Почему к нему такое отношение? А помогали ему всей школой, начиная от директора, который определил его в сторожа, что, во-первых, сразу поменяло его статус и хотя бы на время смягчило его антиобщественную позицию, во-вторых, хотя и малые средства к существованию обеспечило. Баба Агаша, которая в то время была школьной техничкой, или, как тогда говорили, уборщицей, говорила: «Как же, помню, муж его привечал, в бане у нас мылся, когда из лесу приходил, хлеба ему положу, из одежи что дам».
Осмысливая собранный материал, мы поняли: жизнь этого человека имеет своё «до» и «после». Что было «после» знают все: добровольное обречение на одиночество и тоска до такой степени, что, когда человек по-волчьи выл, то волки ему откликались (об этом говорят многие). И так многие годы до самой смерти (умер в середине 60-ых годов).
А что было «до»? Ясно - одно. Трагедия. Страшная беда. Каждый, кто жил в селе это чувствовал, поэтому отношение к нему определялась одним словом: жалко. В этом единодушны все, кто о нем рассказывали: и мужчины, и женщины, и те, кто тогда были детьми. Люди, теряясь в догадках, сами определи его прошлое. Самыми распространёнными были три версии:
1. Агафья Матвеевна Журавлёва.
Богатый купец. Имел три дома. Когда была свадьба, бочки стояли за оградой, и каждый, проходящий мимо, должен был пить за здоровье жениха и невесты. Жена - красавица. Две дочки. Но в Гражданскую войну жена бежала с белым офицером.

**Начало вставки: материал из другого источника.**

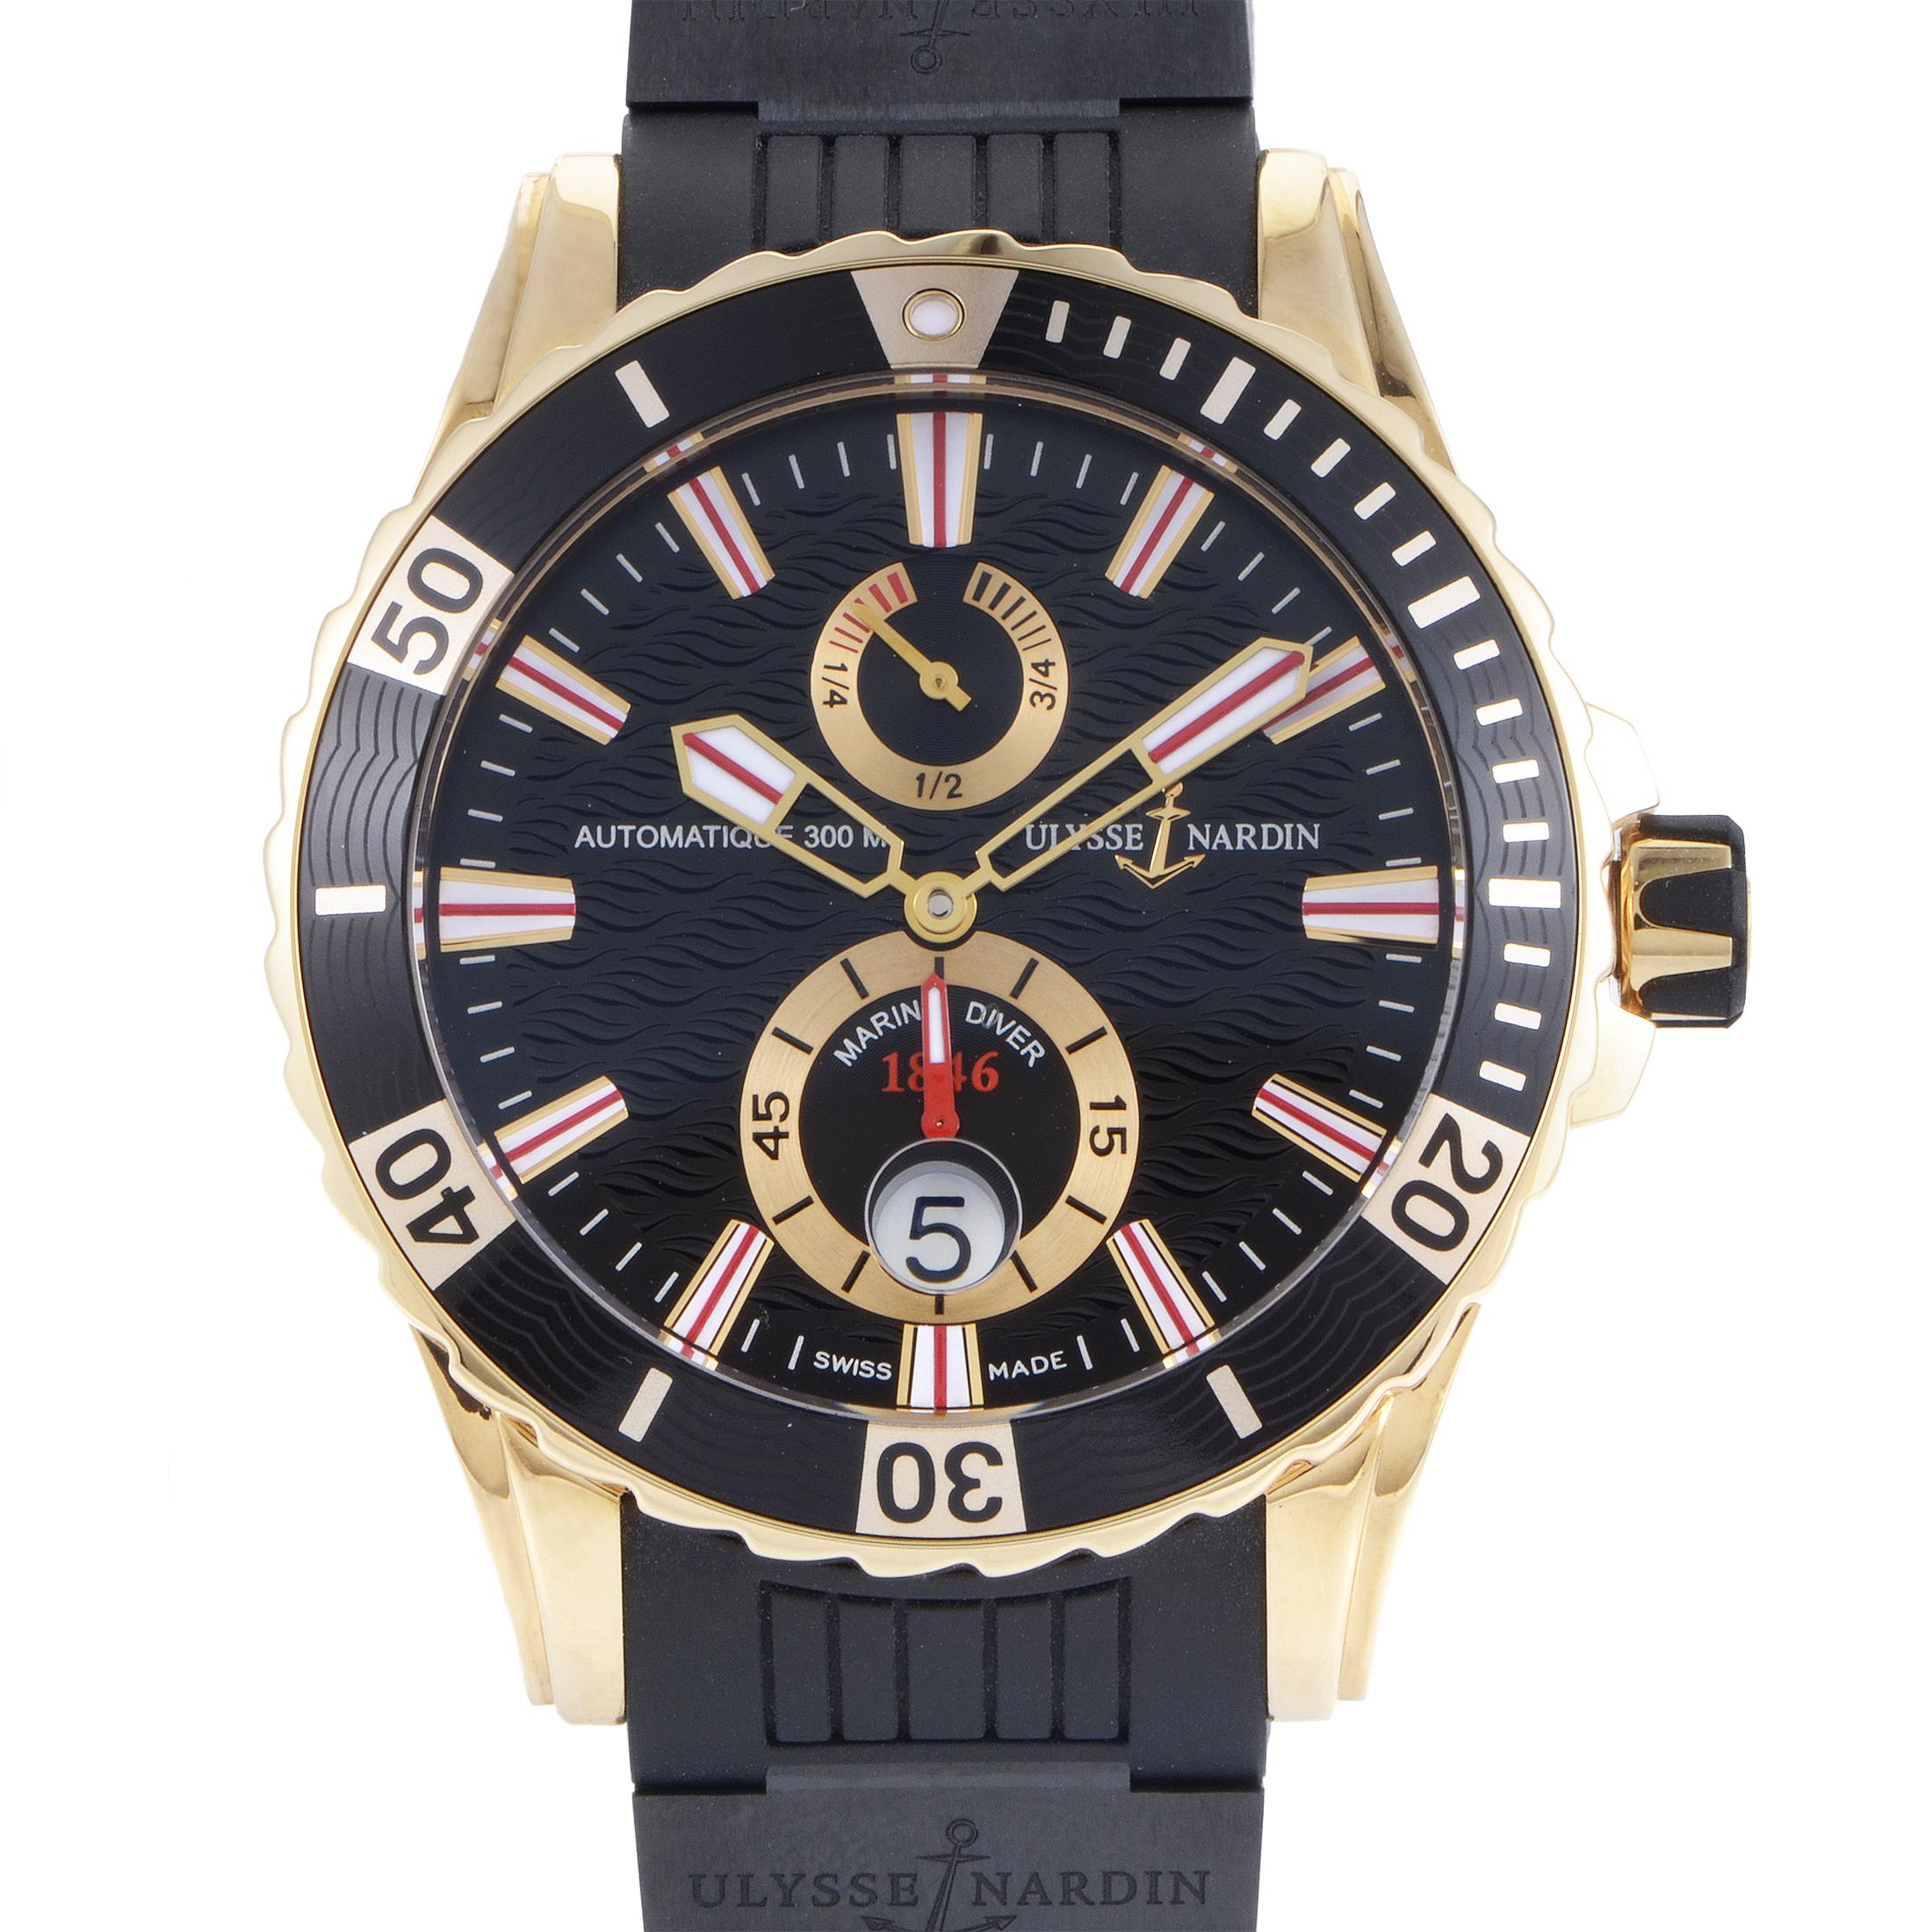 Maxi Marine Diver Men's Automatic Chronograph Watch 266-10-3C/92

2. Александр Харитонович Захаренко.
Был очень богат. Богатство после революции конфисковано. Не захотел жить среди людей, ушёл в тайгу.

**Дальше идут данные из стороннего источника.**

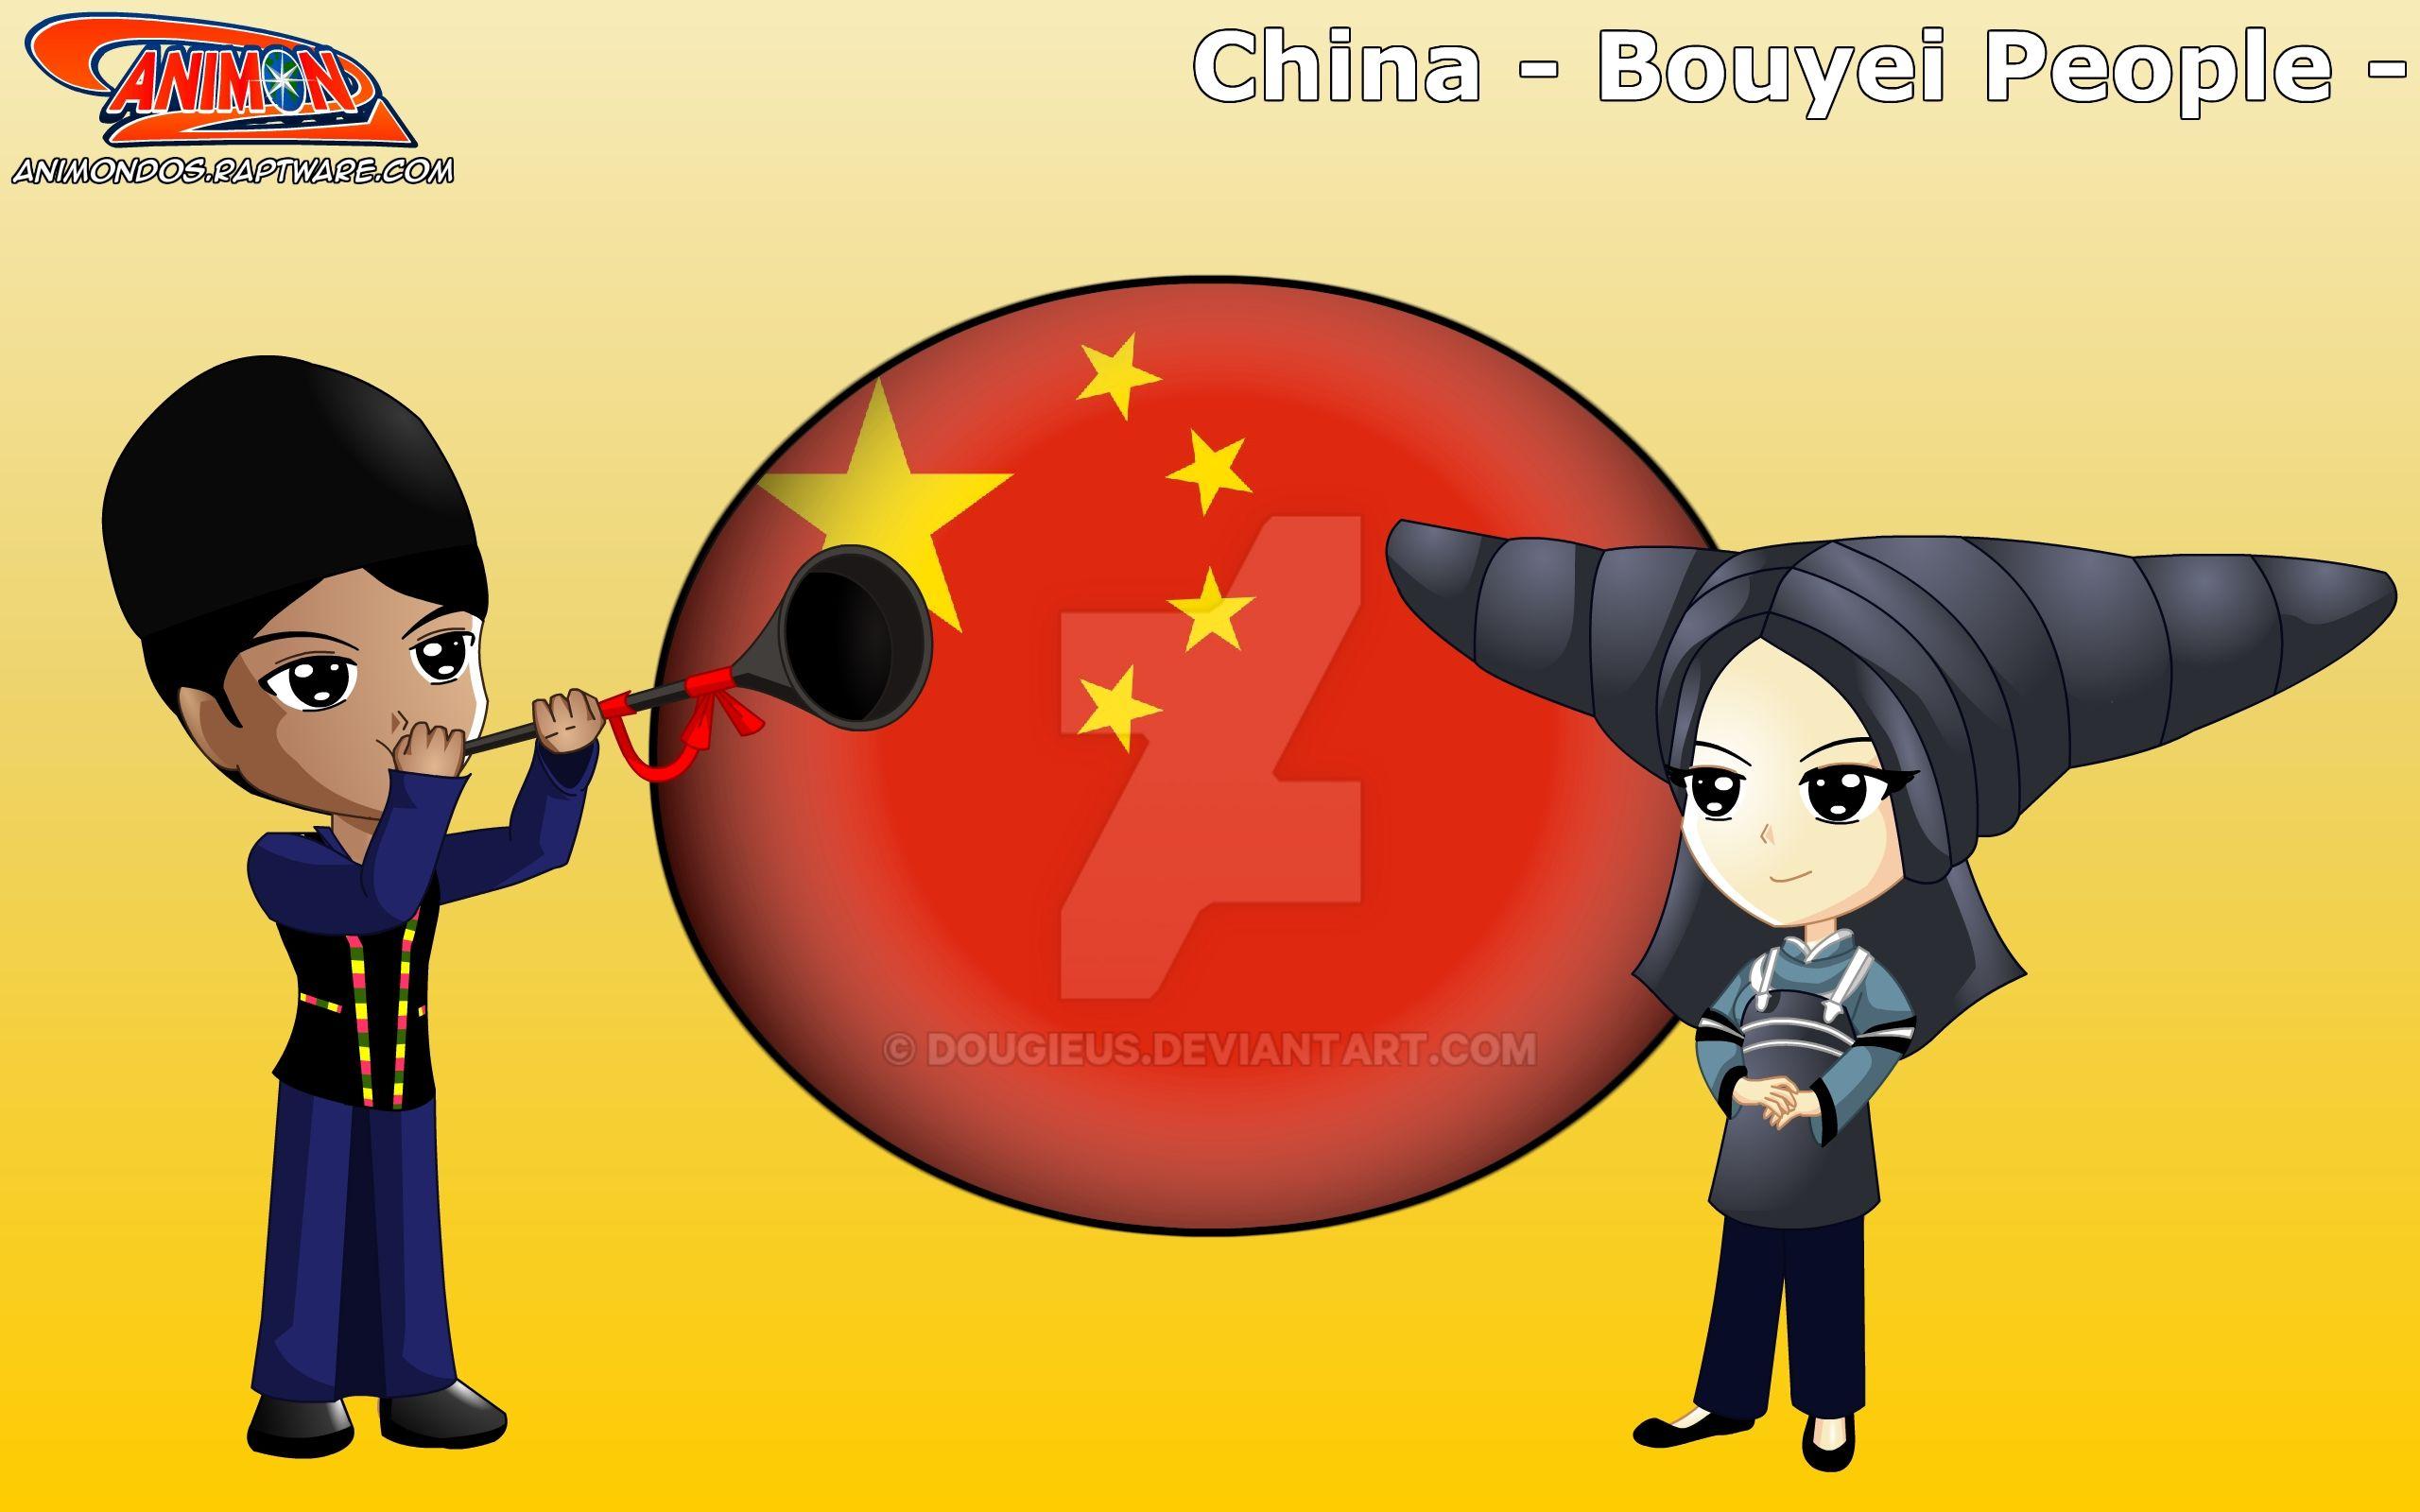 Chibi china

3. Сбоев Прокопий Гурьянович.
Звали его Астафьев Федор. Родился в Анцири. Отец был богатым, торговал мясом. В Канске был свой дом (в центре, деревянный, двухэтажный, где сейчас находится здание милиции). Какое образование - сказать не могу, но почерк был красивый, писал так, как никто сейчас не пишет и без ошибок. (А Прокопий Гурьянович - учитель русского языка и литературы). Был офицером колчаковской армии. Колчака когда разбили, они в тайге скрывались, добровольно сдался, получил 10 лет, но никогда не говорил, где и за что сидел. Но когда вернулся, жить среди людей не захотел. Вырыл землянку и жил в ней.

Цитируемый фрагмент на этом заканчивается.